- _WHAT THIS TASK INVOLVES_
Pictures excluded, set down exactly the lines from the one containing "Closet Cabinet 6-Hole" through the final line of the material, and only those.

- _GIVEN INFORMATION_
============================================================
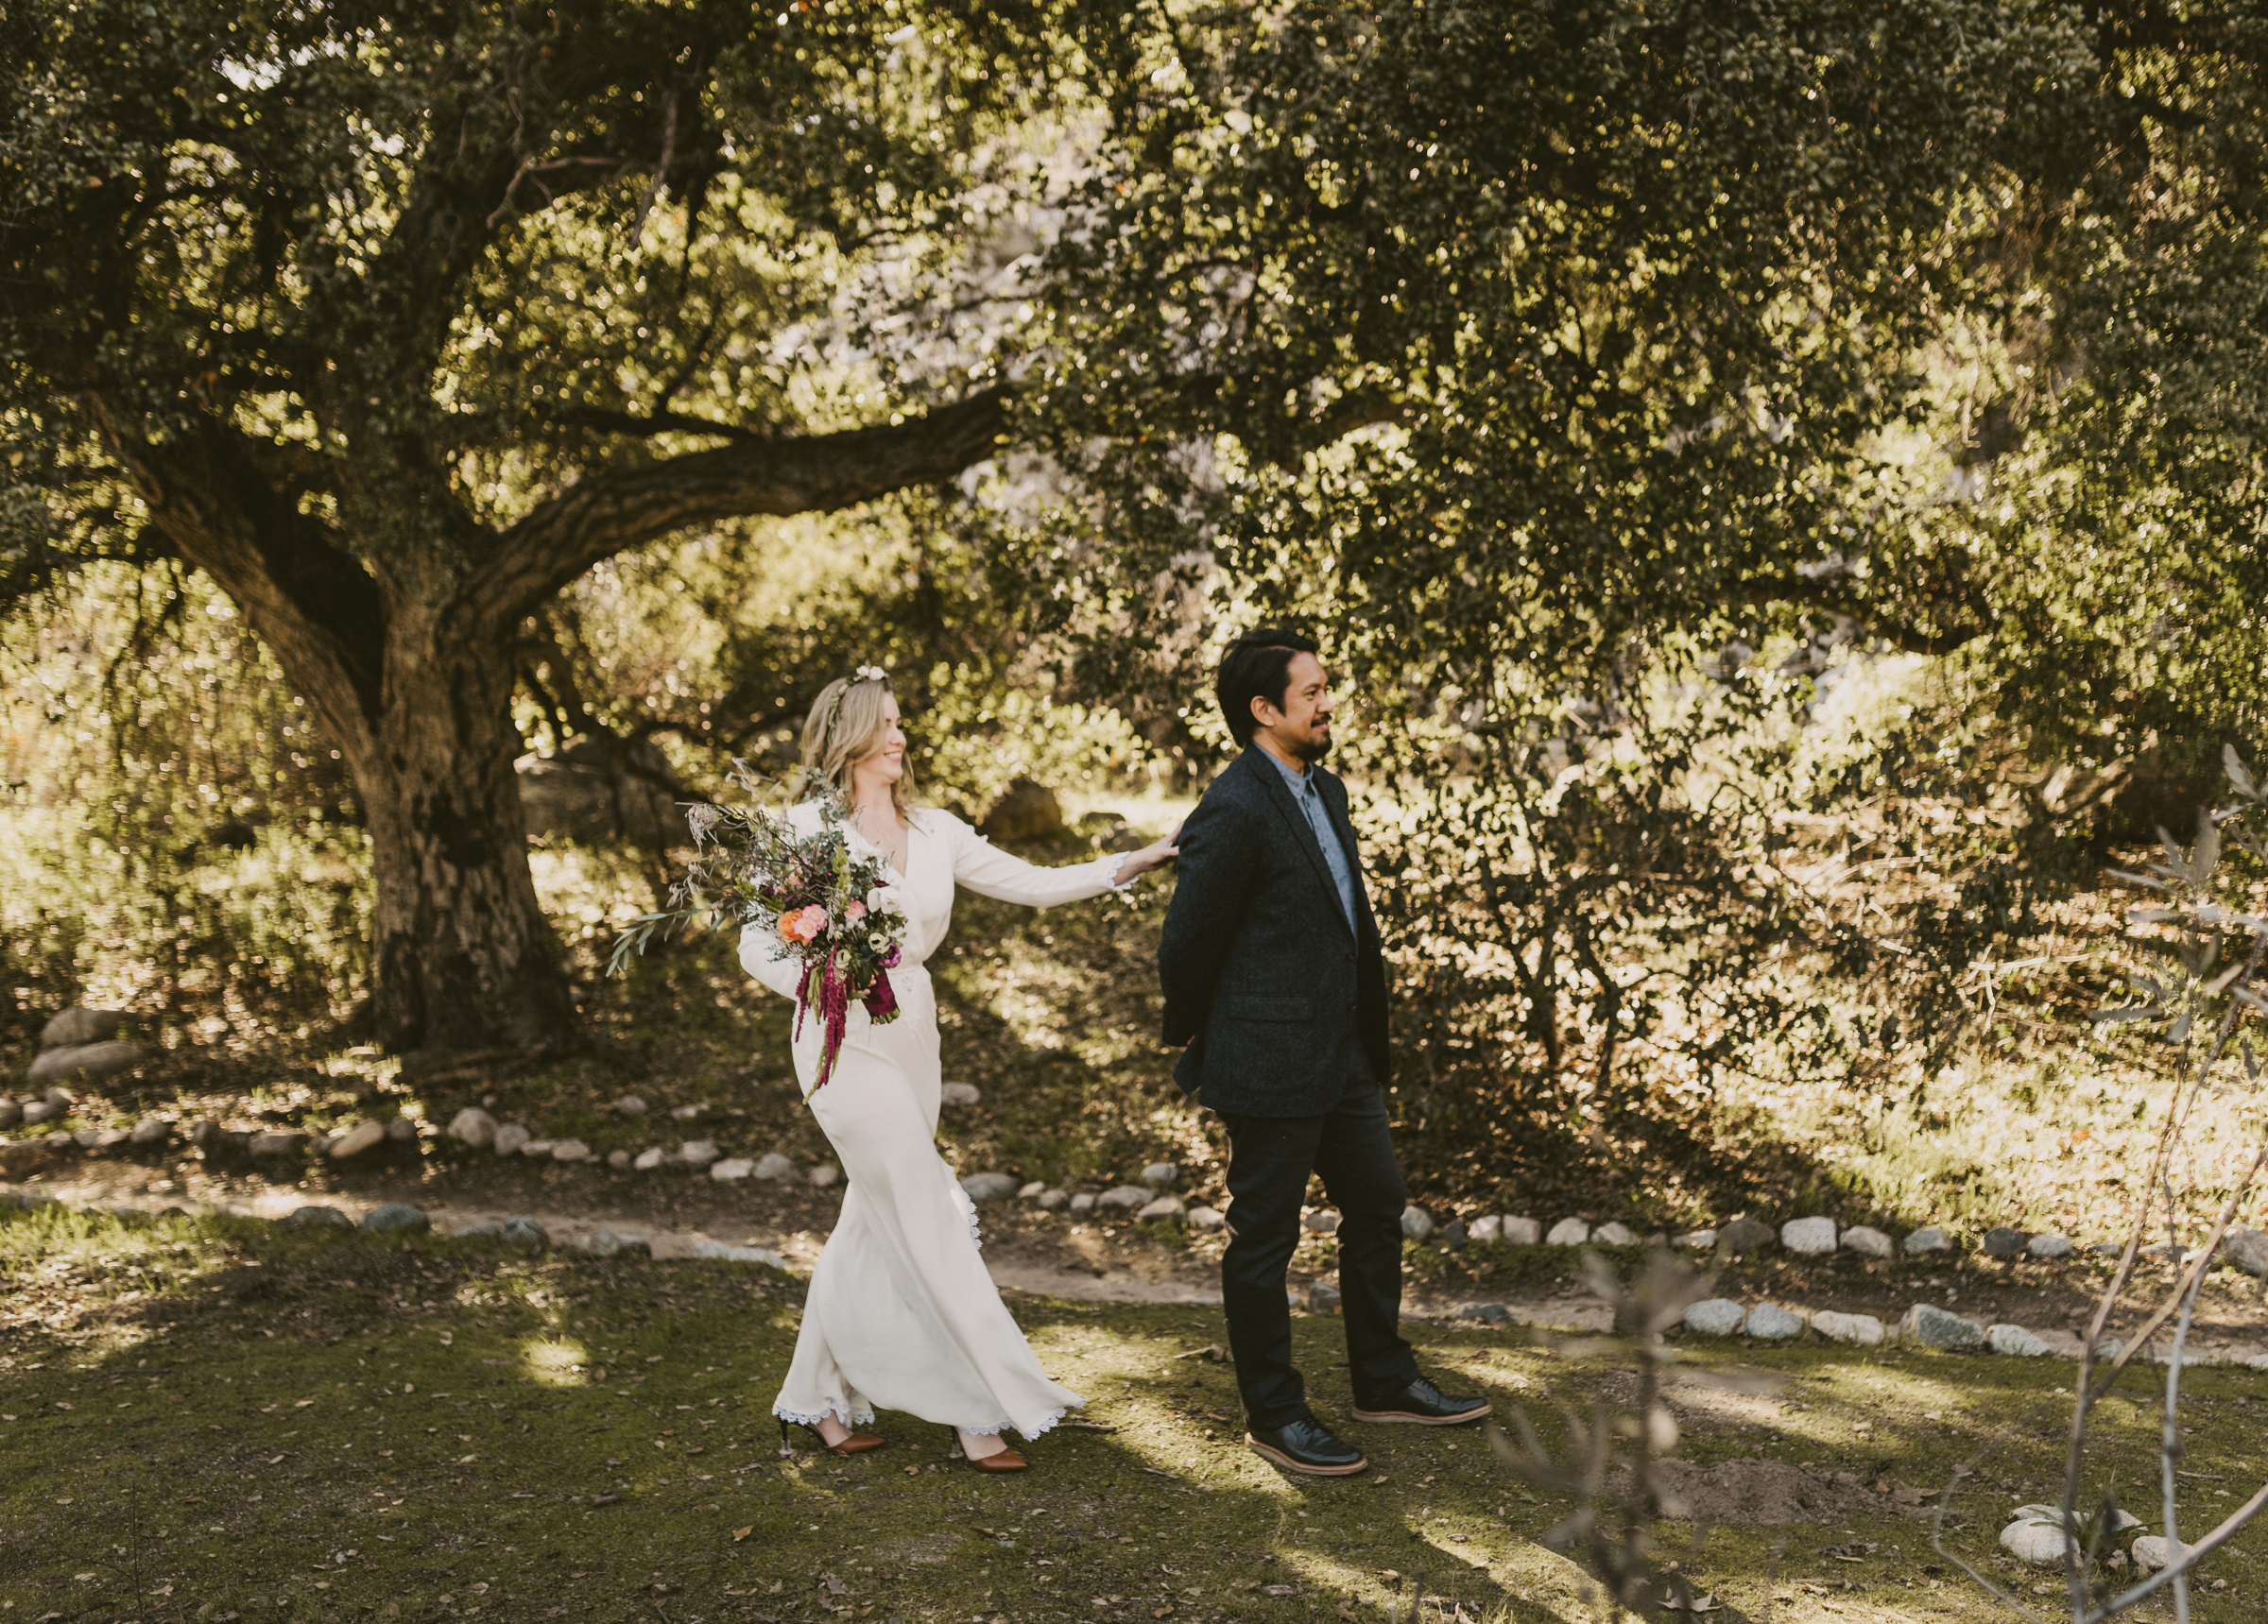 ©Isaiah + Taylor Photography - Intimate Elopement, Eaton Canyon, Los Angeles Wedding Photographer-9.jpg
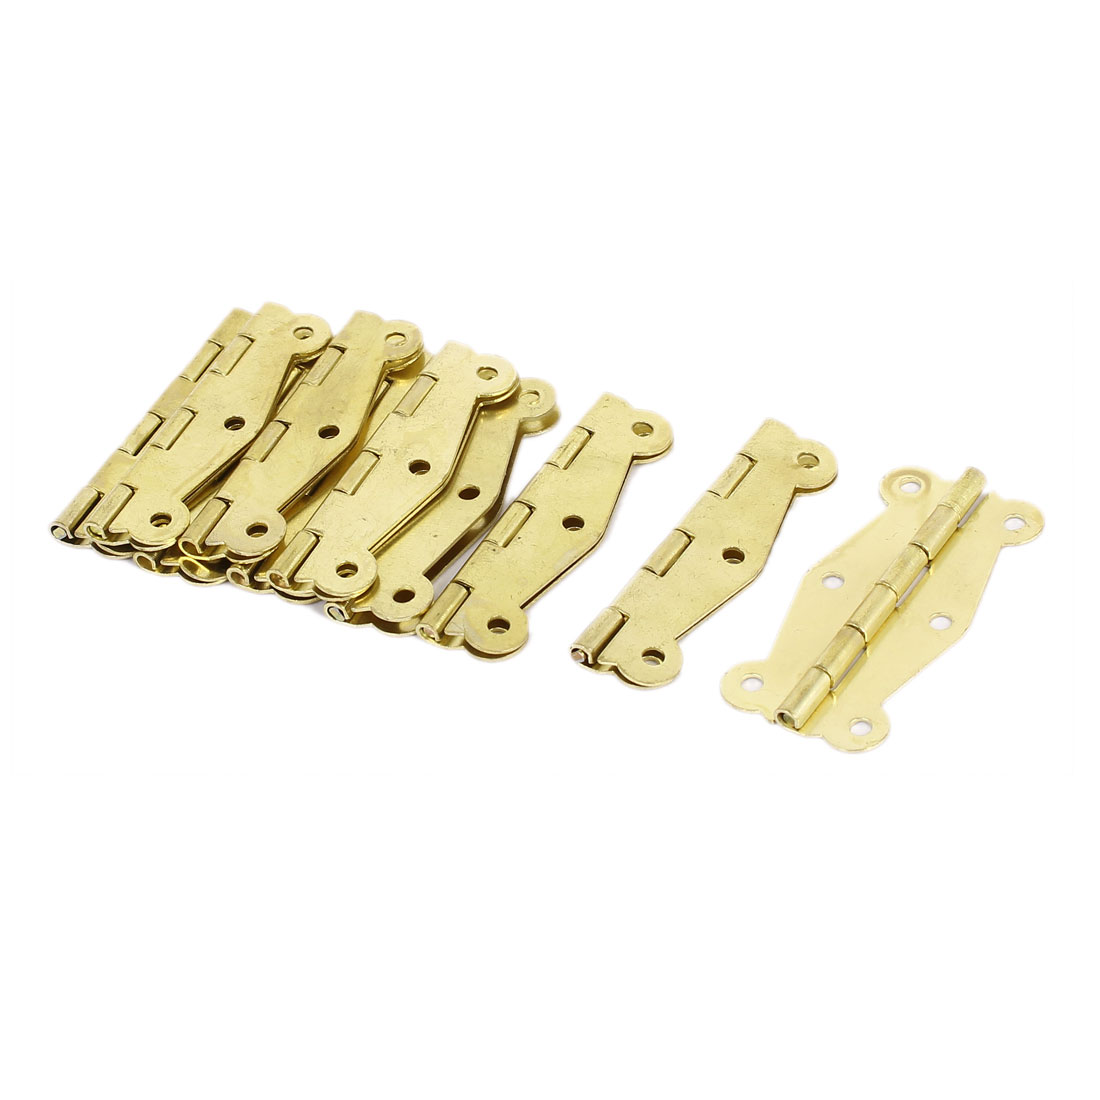 Closet Cabinet 6-Hole Door Hinge Gold Tone 51mm x 24mm 10PCS
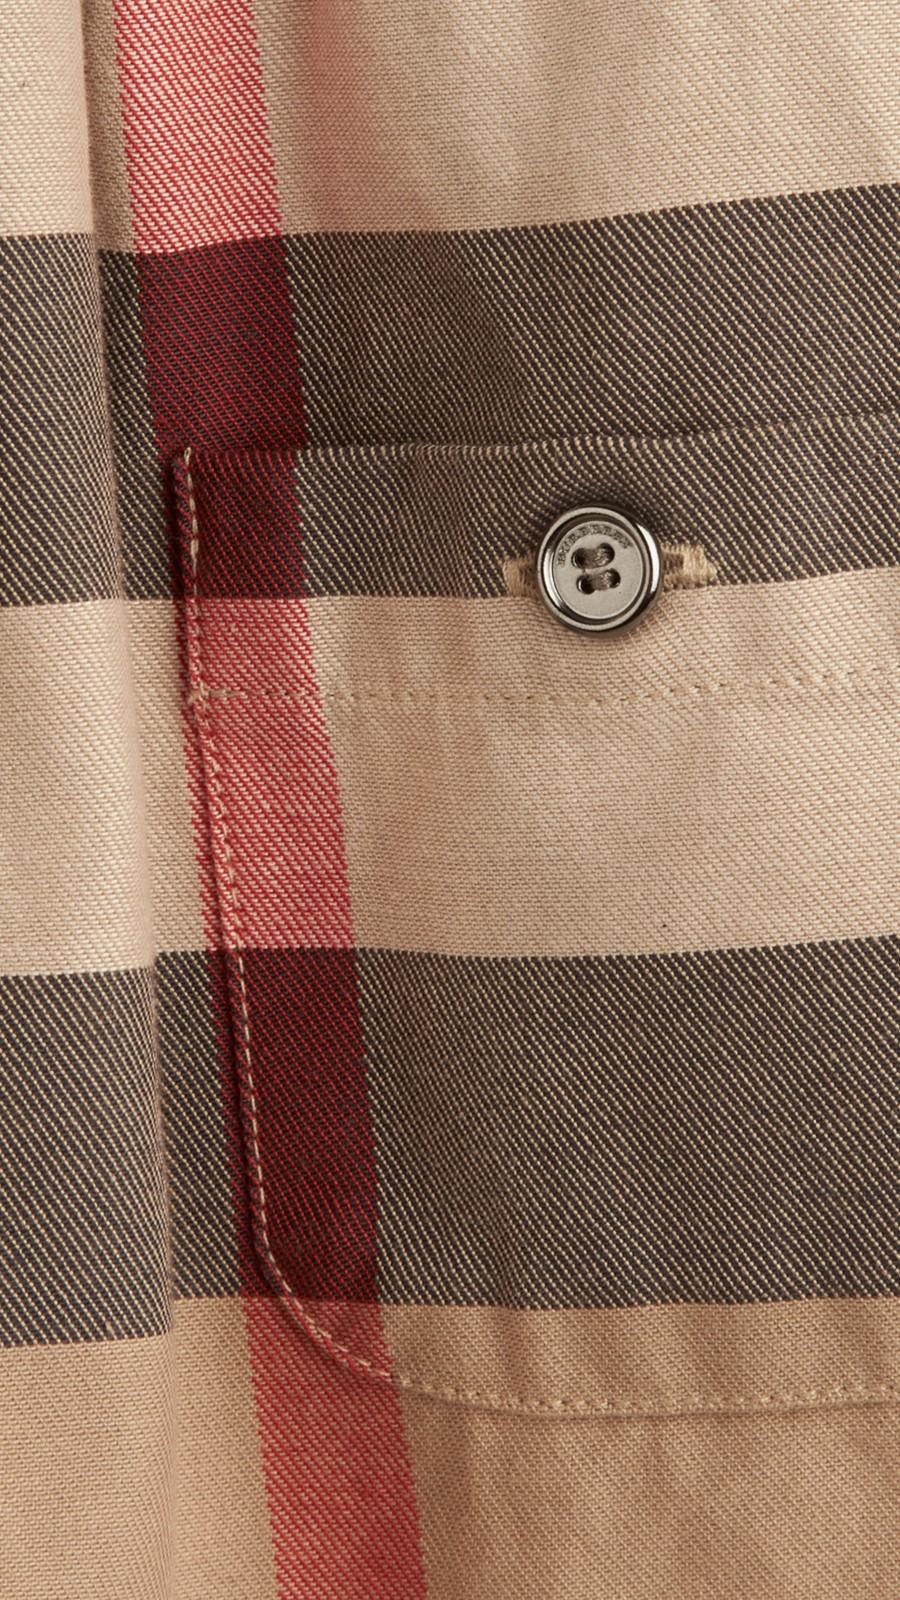 New classic Check Cotton Dress - Image 2
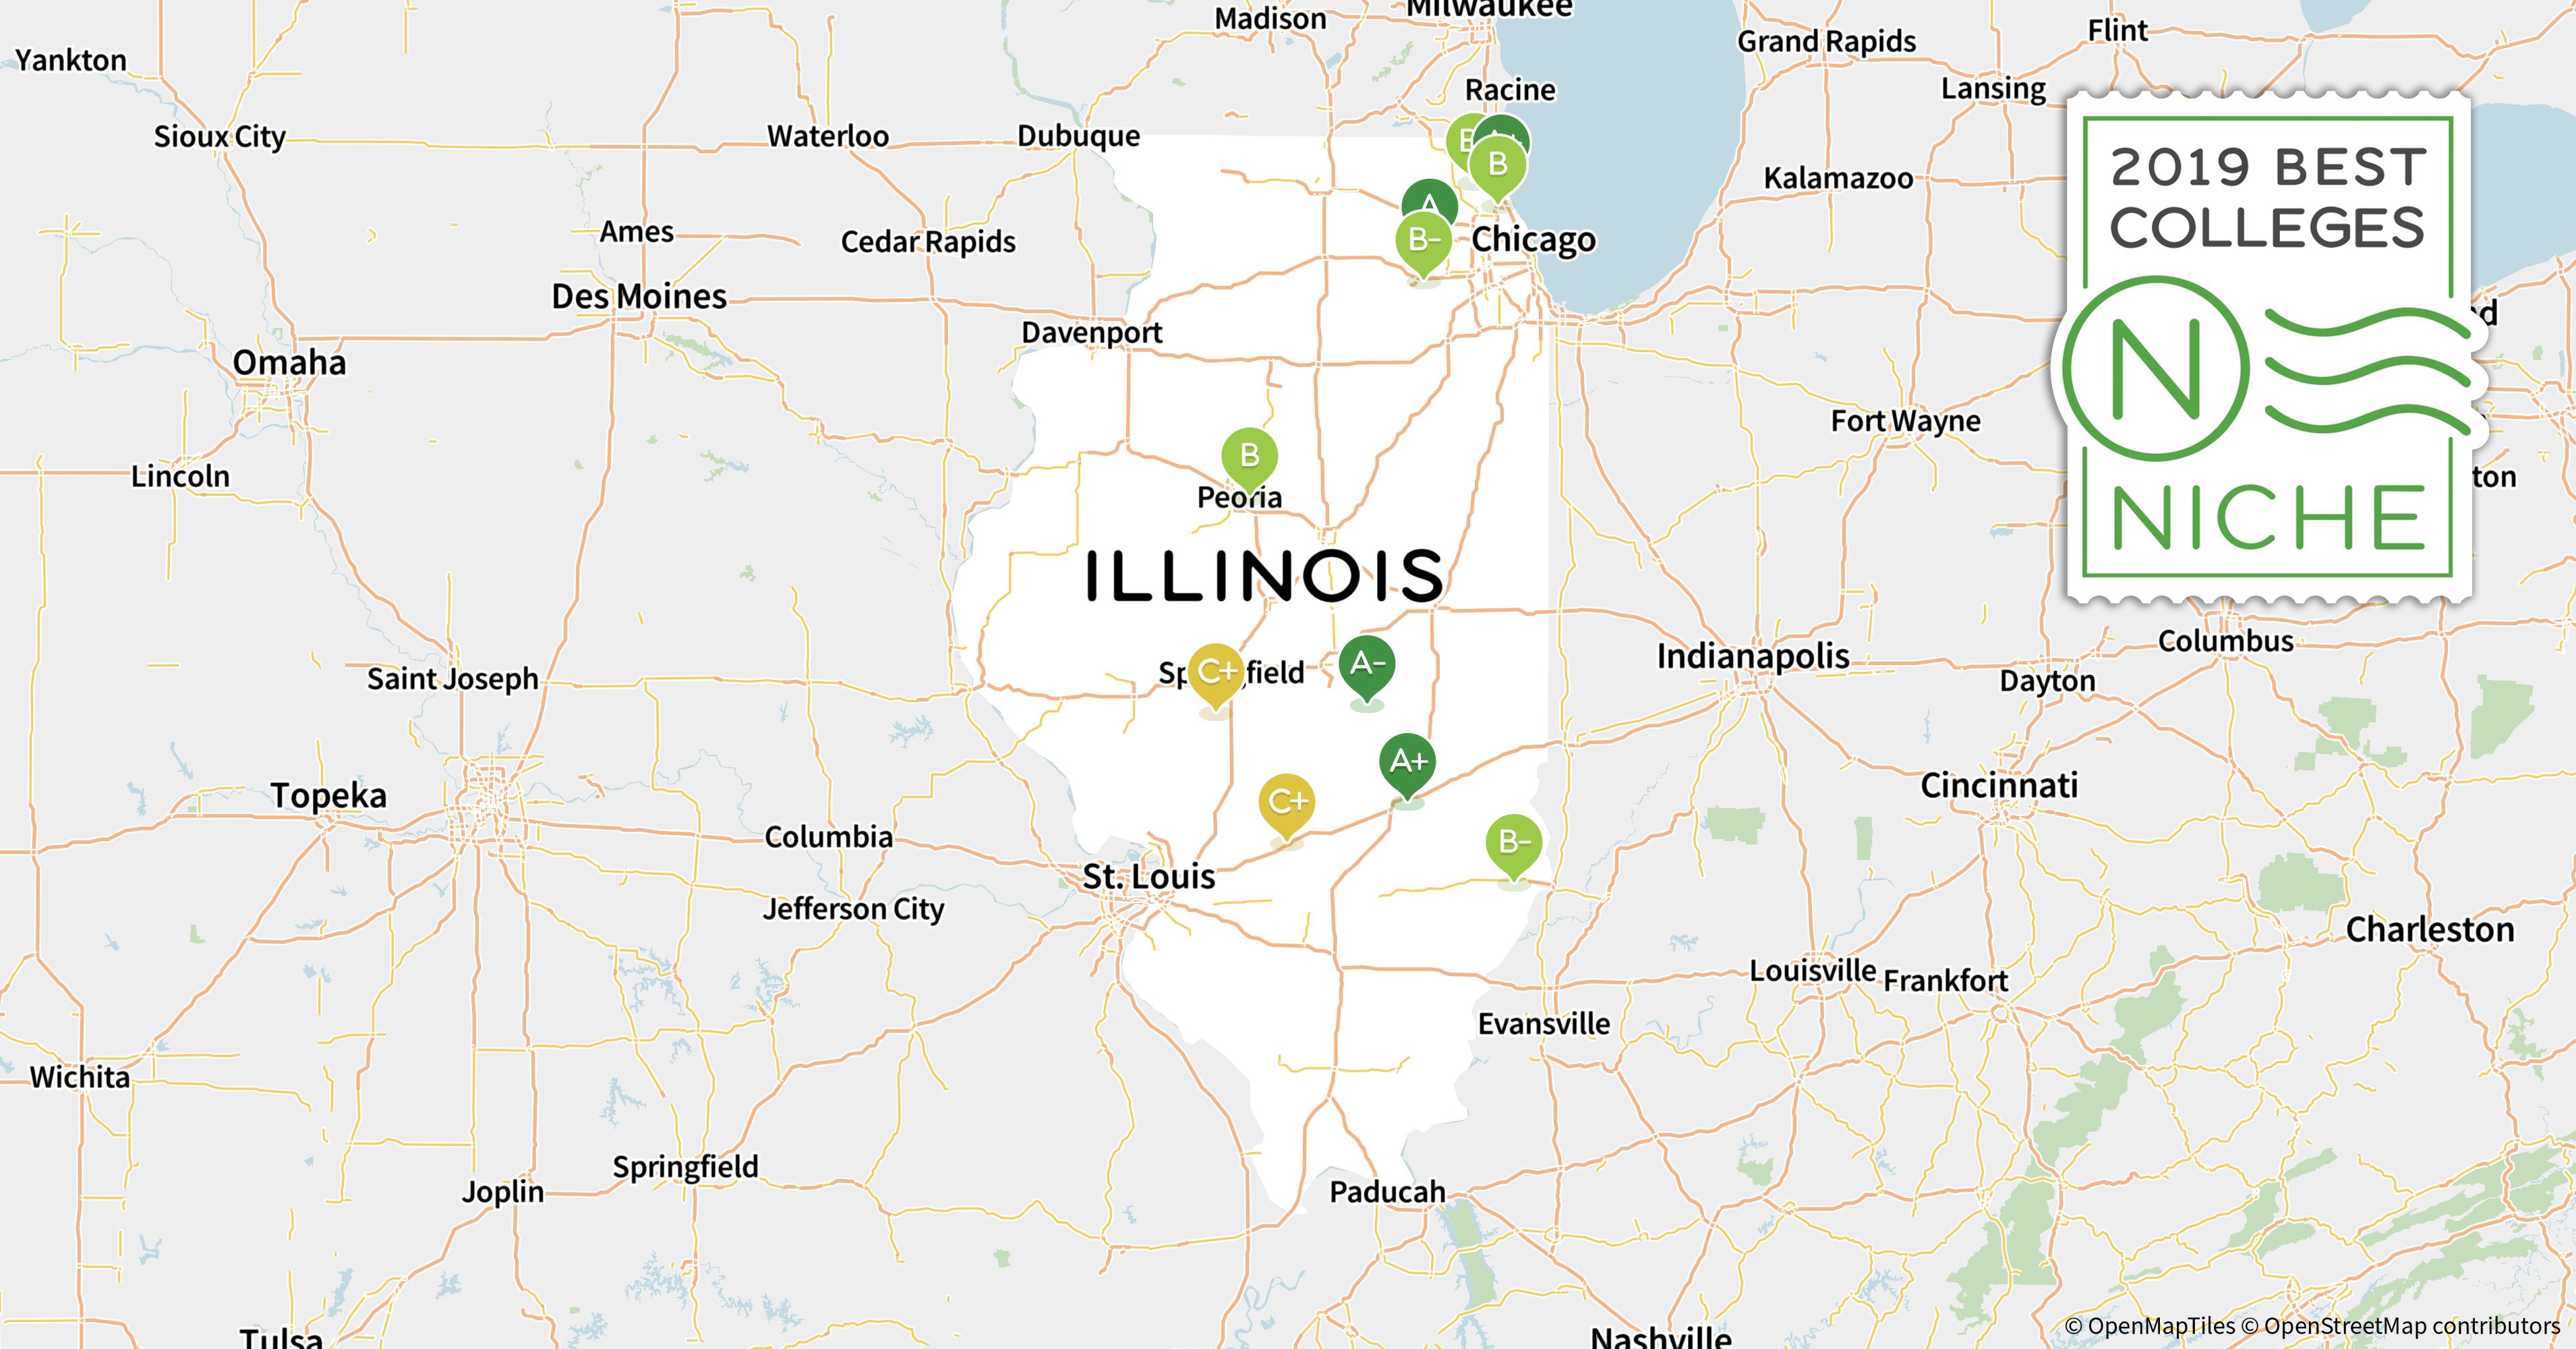 2019 Top Public Administration Graduate Programs in Illinois
============================================================
- _OUTPUT_
 Closet Cabinet 6-Hole Door Hinge Gold Tone 51mm x 24mm 10PCS
 New classic Check Cotton Dress - Image 2
 2019 Top Public Administration Graduate Programs in Illinois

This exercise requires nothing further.